**REQUIREMENT**
Reproduce, exactly and in full, only the lines below from the one containing "купить Шорты Ozkan" through the one containing "rezept f r omelette".

**DATA SECTION**
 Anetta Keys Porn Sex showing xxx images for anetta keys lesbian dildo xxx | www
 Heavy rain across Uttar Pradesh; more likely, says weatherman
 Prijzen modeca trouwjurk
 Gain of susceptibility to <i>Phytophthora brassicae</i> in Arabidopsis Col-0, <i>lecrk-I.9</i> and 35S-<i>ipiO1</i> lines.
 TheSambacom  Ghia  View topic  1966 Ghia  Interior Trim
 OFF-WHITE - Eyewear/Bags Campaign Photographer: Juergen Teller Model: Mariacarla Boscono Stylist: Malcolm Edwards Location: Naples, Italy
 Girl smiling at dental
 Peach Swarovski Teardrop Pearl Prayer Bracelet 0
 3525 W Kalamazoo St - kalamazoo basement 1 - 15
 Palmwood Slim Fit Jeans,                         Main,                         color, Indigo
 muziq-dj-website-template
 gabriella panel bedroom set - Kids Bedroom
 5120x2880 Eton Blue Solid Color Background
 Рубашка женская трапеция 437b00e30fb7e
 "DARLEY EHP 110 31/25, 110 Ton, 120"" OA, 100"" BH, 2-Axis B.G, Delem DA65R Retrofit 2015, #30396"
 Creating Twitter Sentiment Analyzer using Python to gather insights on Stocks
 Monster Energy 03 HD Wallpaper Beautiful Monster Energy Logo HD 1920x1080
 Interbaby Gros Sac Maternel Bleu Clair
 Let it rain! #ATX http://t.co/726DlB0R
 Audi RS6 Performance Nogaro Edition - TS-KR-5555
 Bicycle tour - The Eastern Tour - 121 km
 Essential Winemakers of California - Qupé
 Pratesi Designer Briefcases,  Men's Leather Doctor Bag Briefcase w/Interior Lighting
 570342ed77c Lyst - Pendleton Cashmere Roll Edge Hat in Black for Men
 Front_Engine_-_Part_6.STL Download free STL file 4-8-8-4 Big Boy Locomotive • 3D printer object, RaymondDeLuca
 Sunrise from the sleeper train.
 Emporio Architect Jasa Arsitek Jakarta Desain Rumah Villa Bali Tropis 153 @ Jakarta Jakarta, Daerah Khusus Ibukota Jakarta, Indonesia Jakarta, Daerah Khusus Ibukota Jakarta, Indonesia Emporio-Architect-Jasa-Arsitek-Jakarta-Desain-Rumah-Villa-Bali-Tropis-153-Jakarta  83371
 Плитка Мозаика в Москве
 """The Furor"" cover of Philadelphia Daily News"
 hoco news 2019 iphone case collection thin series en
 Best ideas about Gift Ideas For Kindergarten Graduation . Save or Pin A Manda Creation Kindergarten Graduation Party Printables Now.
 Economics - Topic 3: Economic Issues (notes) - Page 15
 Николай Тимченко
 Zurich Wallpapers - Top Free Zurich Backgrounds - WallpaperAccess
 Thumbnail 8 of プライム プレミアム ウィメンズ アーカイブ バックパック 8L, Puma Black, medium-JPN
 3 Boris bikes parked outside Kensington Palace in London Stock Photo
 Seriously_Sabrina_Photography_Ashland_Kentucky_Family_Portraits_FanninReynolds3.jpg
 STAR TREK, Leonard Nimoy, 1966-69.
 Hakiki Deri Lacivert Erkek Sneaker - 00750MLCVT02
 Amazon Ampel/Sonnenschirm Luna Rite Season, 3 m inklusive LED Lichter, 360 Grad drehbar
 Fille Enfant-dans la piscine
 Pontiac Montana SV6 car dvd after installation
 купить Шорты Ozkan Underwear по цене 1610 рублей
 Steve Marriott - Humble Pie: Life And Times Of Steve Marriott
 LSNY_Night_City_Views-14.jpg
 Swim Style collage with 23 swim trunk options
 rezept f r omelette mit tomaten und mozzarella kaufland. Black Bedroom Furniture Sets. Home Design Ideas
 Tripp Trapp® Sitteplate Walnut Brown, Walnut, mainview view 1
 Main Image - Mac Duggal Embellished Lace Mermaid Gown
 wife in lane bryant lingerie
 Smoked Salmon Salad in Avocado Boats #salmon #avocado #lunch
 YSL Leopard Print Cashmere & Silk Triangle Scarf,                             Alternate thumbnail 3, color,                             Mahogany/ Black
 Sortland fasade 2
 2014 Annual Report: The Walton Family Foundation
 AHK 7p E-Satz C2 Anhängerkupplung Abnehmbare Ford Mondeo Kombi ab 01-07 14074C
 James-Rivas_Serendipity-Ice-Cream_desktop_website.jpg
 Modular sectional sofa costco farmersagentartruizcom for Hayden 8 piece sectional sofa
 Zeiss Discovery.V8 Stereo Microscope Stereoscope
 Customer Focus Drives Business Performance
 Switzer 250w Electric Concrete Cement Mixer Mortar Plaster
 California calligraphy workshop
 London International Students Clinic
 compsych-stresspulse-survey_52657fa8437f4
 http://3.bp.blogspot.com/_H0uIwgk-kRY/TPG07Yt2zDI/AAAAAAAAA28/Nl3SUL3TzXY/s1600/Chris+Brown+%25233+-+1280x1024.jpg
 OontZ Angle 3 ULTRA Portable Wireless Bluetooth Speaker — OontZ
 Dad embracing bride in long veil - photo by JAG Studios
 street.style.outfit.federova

**EXERCISE RESPONSE**
 купить Шорты Ozkan Underwear по цене 1610 рублей
 Steve Marriott - Humble Pie: Life And Times Of Steve Marriott
 LSNY_Night_City_Views-14.jpg
 Swim Style collage with 23 swim trunk options
 rezept f r omelette mit tomaten und mozzarella kaufland. Black Bedroom Furniture Sets. Home Design Ideas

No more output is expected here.